Parenting teenagers has its ups and downs. Get advice from Mumsnetters here.

IAIBU? Is her friend's mum too relaxed with my DDs safety.

71 replies

jomojomum · 27/05/2012 20:34

I would value your opinions on this. My DD is 12 and probably quite grown up for her age as she has 2 older siblings of 21 and 18. She has a friend who's mum is younger and "cooler" than me, who offered to take my DD and 5 other girls (in a 7 seater) to an out door pool complex today. When we met she said "oh did you realise I won't be staying there with them?" I thought she meant she would be going to nearby shops, but she was off to work and planning to leave them for 5 hours! Knowing my daughter is an excellent swimmer, and quite sensible I made a snap judgement, grudgingly said OK as long as they all had mobiles and swapped home numbers but this other mum didnt know that. I was amazed that she'd offered to take them only to dump them there! In the end as I was surrounded by excited girls all ready to go, I gave in with reservations, she could tell I wasn't happy about it and I felt pressured into agreeing. Secretly I was mad that she was being so casual about other children's safety and later talked to another mum who agreed with me and had also let her daughter go but was very worried about it.

They came back safely from the pool but had had no lunch, my daughter was the only one with sunscreen which ran out and 2 of the girls decided to leave the pool and walk to the shopping centre 300m away. This mum had apparently told them that was ok!
Next time I will want a lot more detail before I agree to DD to be in that mother's care. I already refused an earlier expedition when she offered to take 6 girls 180 miles after school to watch a Rizzlekicks concert (standing only ) then drive back by 1am (on a school night!!!) . My DD thinks I'm being unreasonable as I am older and not cool...what do you think?

OP posts:
mumeeee · 28/05/2012 09:42

Loshed I agree with you an 18 year old should follow house ruled but at the same time you should let them have some say in what they do. I would let an 18 year old go out on a school night especially if it was to a favourite band and they were only in our town on a School night.

get0rfm0iland · 28/05/2012 09:44

Well no to a 12 year old at a concert on a school night, but yes to an 18 year old. I would think that an adult should make up their own mind.

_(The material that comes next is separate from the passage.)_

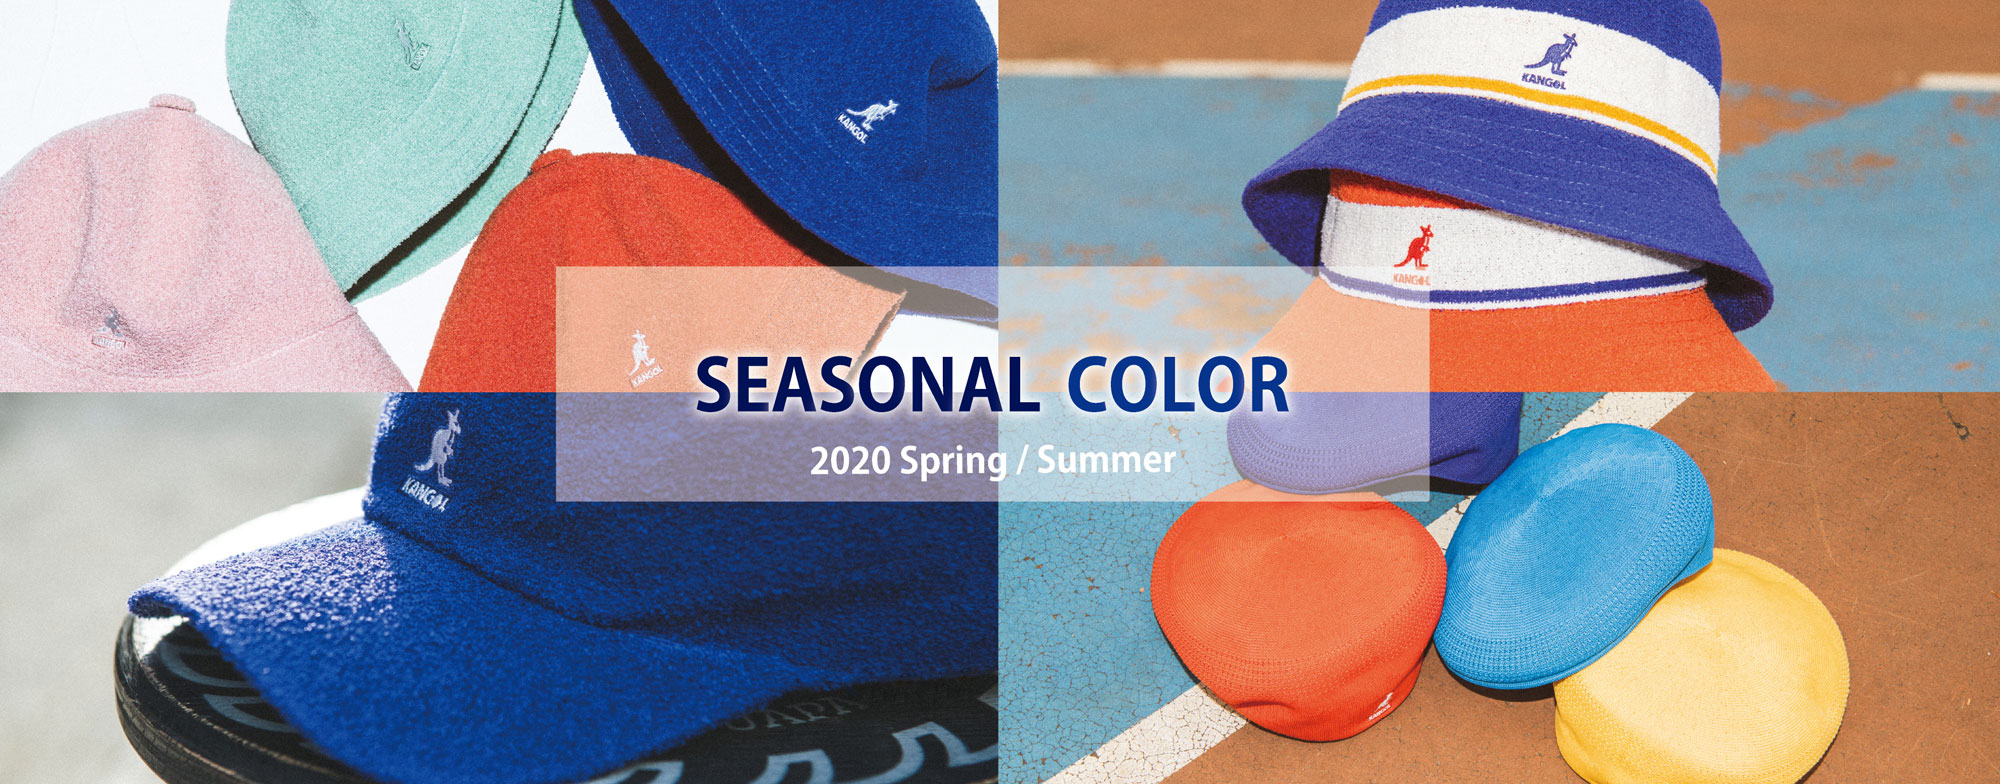 SEASONAL NEW COLORS FOR 2020SS

Shesparkles · 28/05/2012 09:46

Swimming pool, YABU
Concert....hmmm not sure. But then Iletmy dd have a couple of days off in the last week of term last year to go and see Robbie Williams with me Grin

LtEveDallas · 28/05/2012 09:49

No to the concert, but yes to the swimming. We used to go to the Chelt Lido on the train from Glos when I was 11/12. I would be happy to let DD do the same. My only concern / rule would be that they didn't split up - so I think I would have been a little annoyed at the 2 who went shopping. But then, once it had happened what could I do?

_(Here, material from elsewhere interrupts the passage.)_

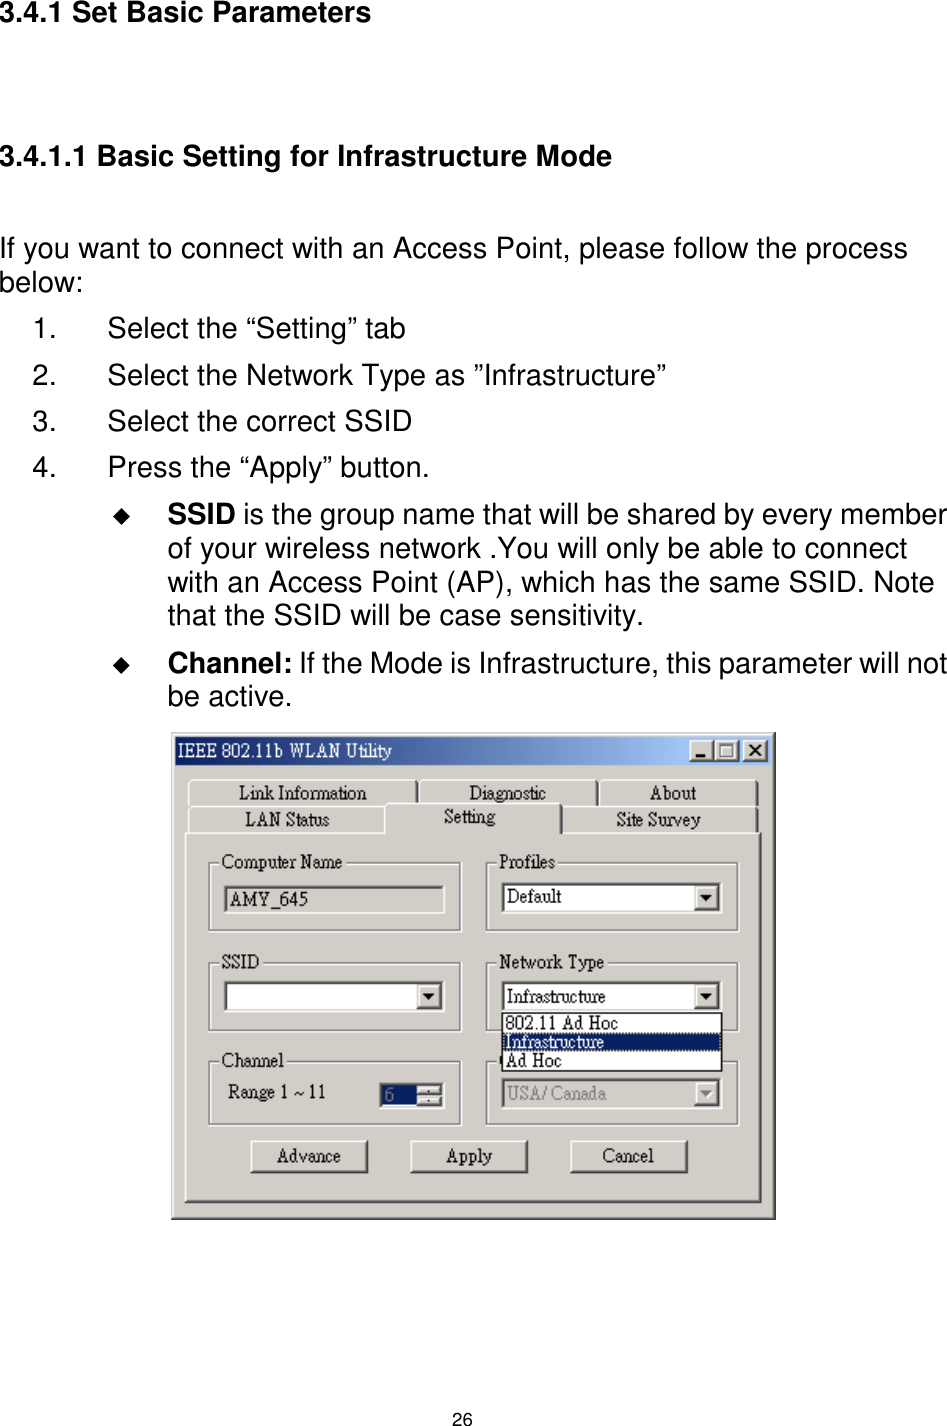  26 3.4.1 Set Basic Parameters   3.4.1.1 Basic Setting for Infrastructure Mode  If you want to connect with an Access Point, please follow the process below: 1.  Select the “Setting” tab 2.  Select the Network Type as ”Infrastructure” 3.  Select the correct SSID 4.  Press the “Apply” button. $  SSID is the group name that will be shared by every member of your wireless network .You will only be able to connect with an Access Point (AP), which has the same SSID. Note that the SSID will be case sensitivity. $  Channel: If the Mode is Infrastructure, this parameter will not be active.

mumeeee · 28/05/2012 09:52

I also meant to say giving them some freedom before they go to uni is important. DD1 used to go to concerts on a school night when she was in 6th form obviously
not every night but she was always at School on time and worked hard she went to uni got a first and is now a biology teacher. DD2 went to 6th form college it didn't make any difference whether she stayed in or went out as she always got up at the last minute. Anyway she was in a lot of plays over the years and was often out late at after show parties and she also went to night clubs. She did have to text us if she was staying out late. She is now about to finish her final year at uni and is heading for a 2:1.

Sabriel · 28/05/2012 09:54

I was going off on my own at 11 in the days before mobile phones, so I can't really see that they were in any danger being left at swimming.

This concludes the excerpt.